So did Professor Wenke Lee of the Georgia Institute of Technology (the commission’s only cybersecurity expert). So did Verified Voting, a well-respected nonpartisan national election integrity group. In the past week alone, 24 highly regarded election experts, including many experts in election cybersecurity, advised the SAFE Commission to reject touchscreen barcode systems and instead move to hand-marked paper ballots and scanners for most voters.

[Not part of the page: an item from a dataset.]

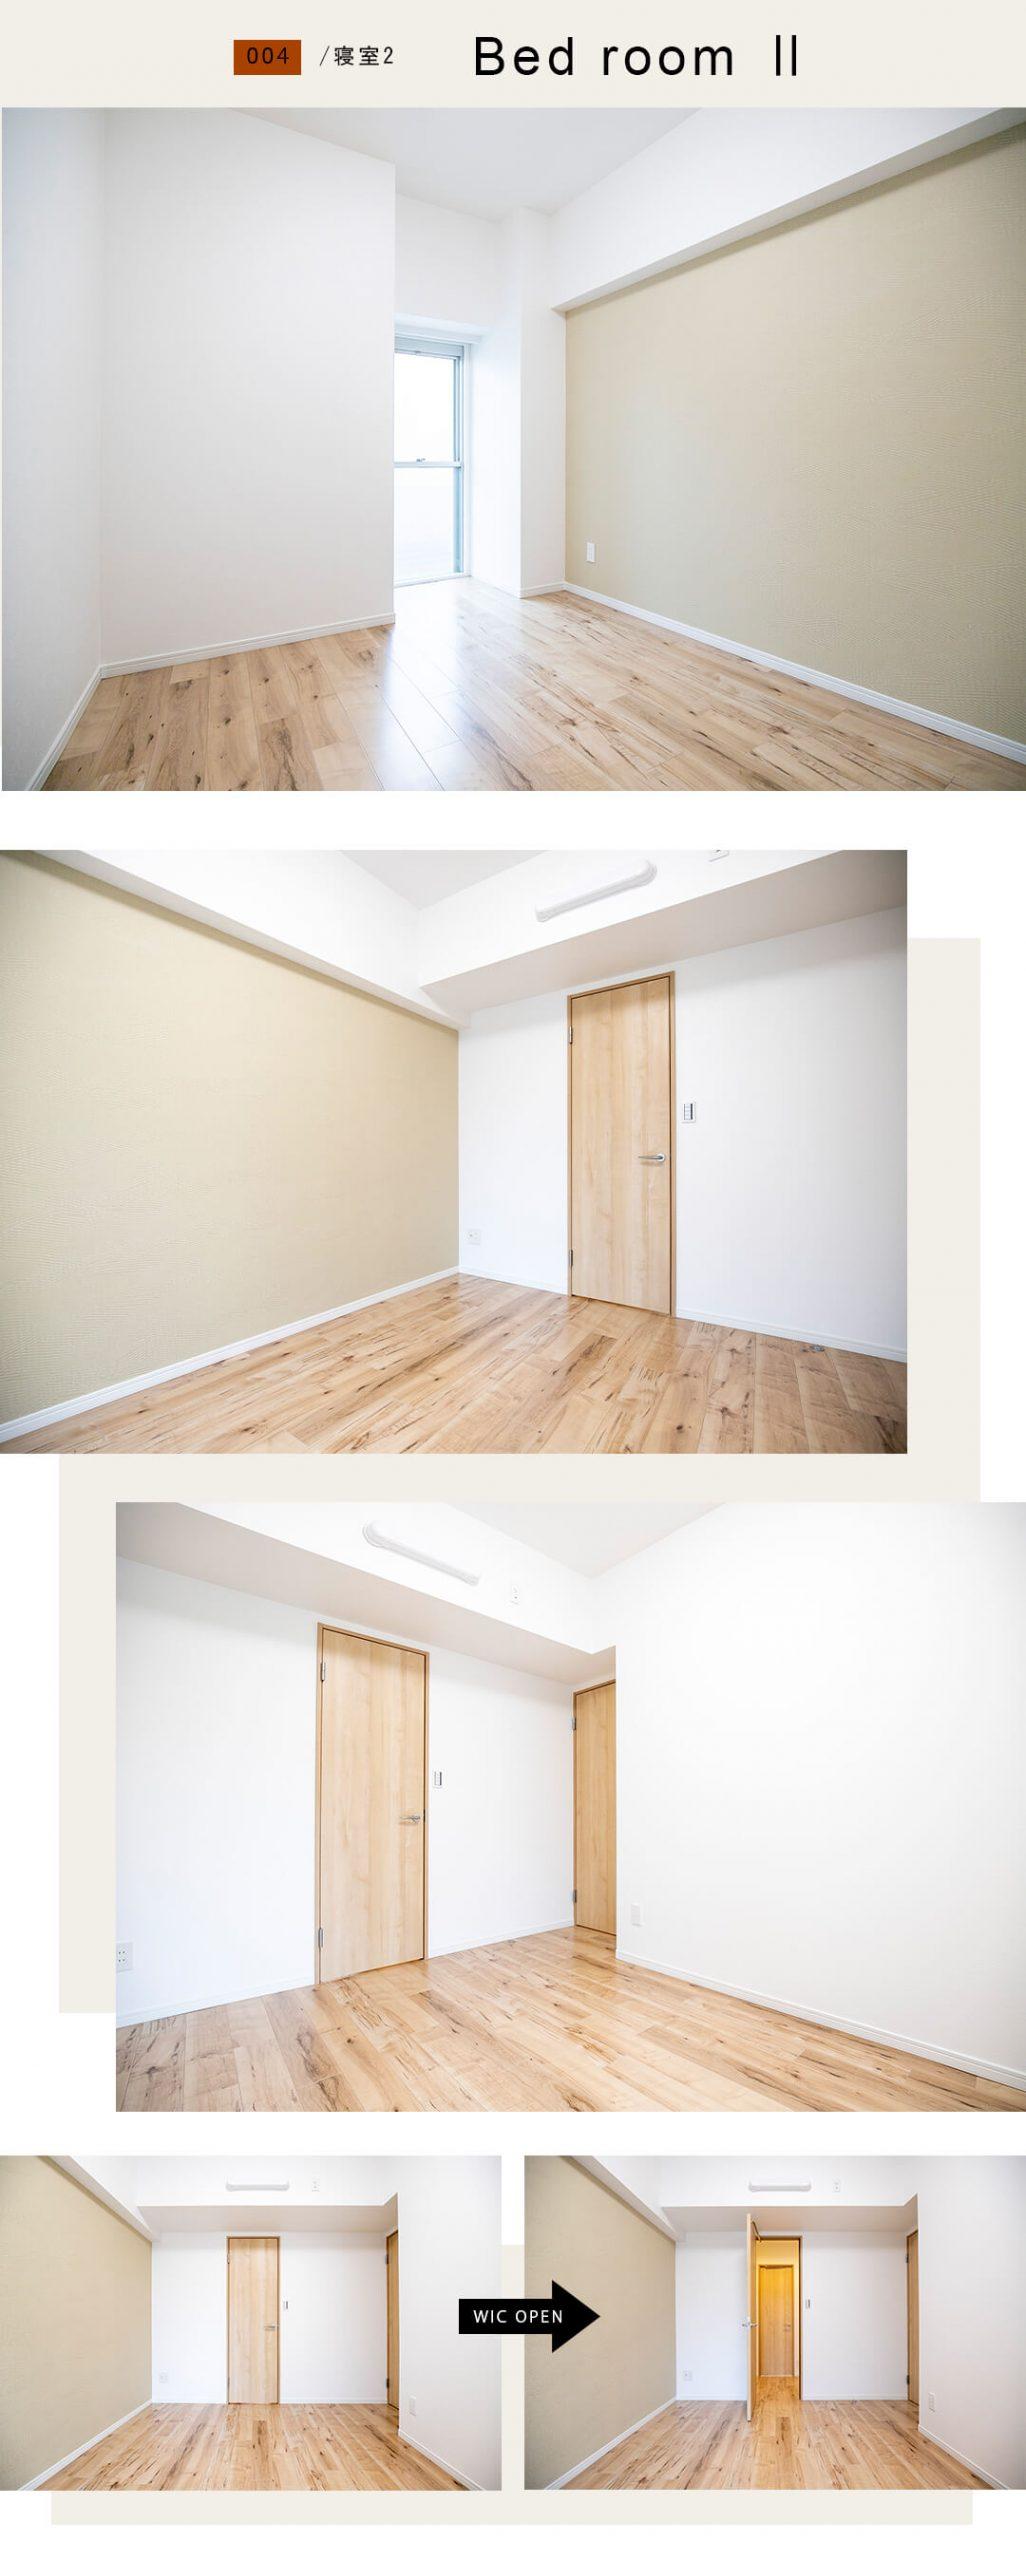 004寝室2,Bed room Ⅱ

GEORGIA POWER BARCODE HOW TO
That recommendation thumbs its nose at the advice of every independent cybersecurity expert who has weighed in on the issue of how to improve Georgia’s voting system. The SAFE Commission was assembled by Kemp in response to that failed legislation, and its recommendation is expected to carry weight during the current legislative session. This is also the type of system that triggered substantial controversy during Georgia’s last legislative session, when Republican lawmakers tried and failed to pass a bill that would have enabled Kemp to buy ES&S’s barcode balloting system back then. This is the type of voting system that Governor Brian Kemp (R) and the state’s current voting machine vendor, Election Systems & Software, LLC (ES&S), promoted during a pilot study in Rockdale last year, when Kemp was secretary of state. Ignoring the advice of independent cybersecurity experts, Georgia’s Secure, Accessible & Fair Elections (SAFE) Commission on Thursday recommended that the state purchase controversial new touchscreen ballot-marking devices that use barcodes to capture and count voters’ selections.

The state of Georgia, still reeling from reports of multiple election security breaches over the past two years, has moved one perilous step closer to replacing its 16-year-old F-rated touchscreen voting machines with yet another glaringly vulnerable touchscreen voting system.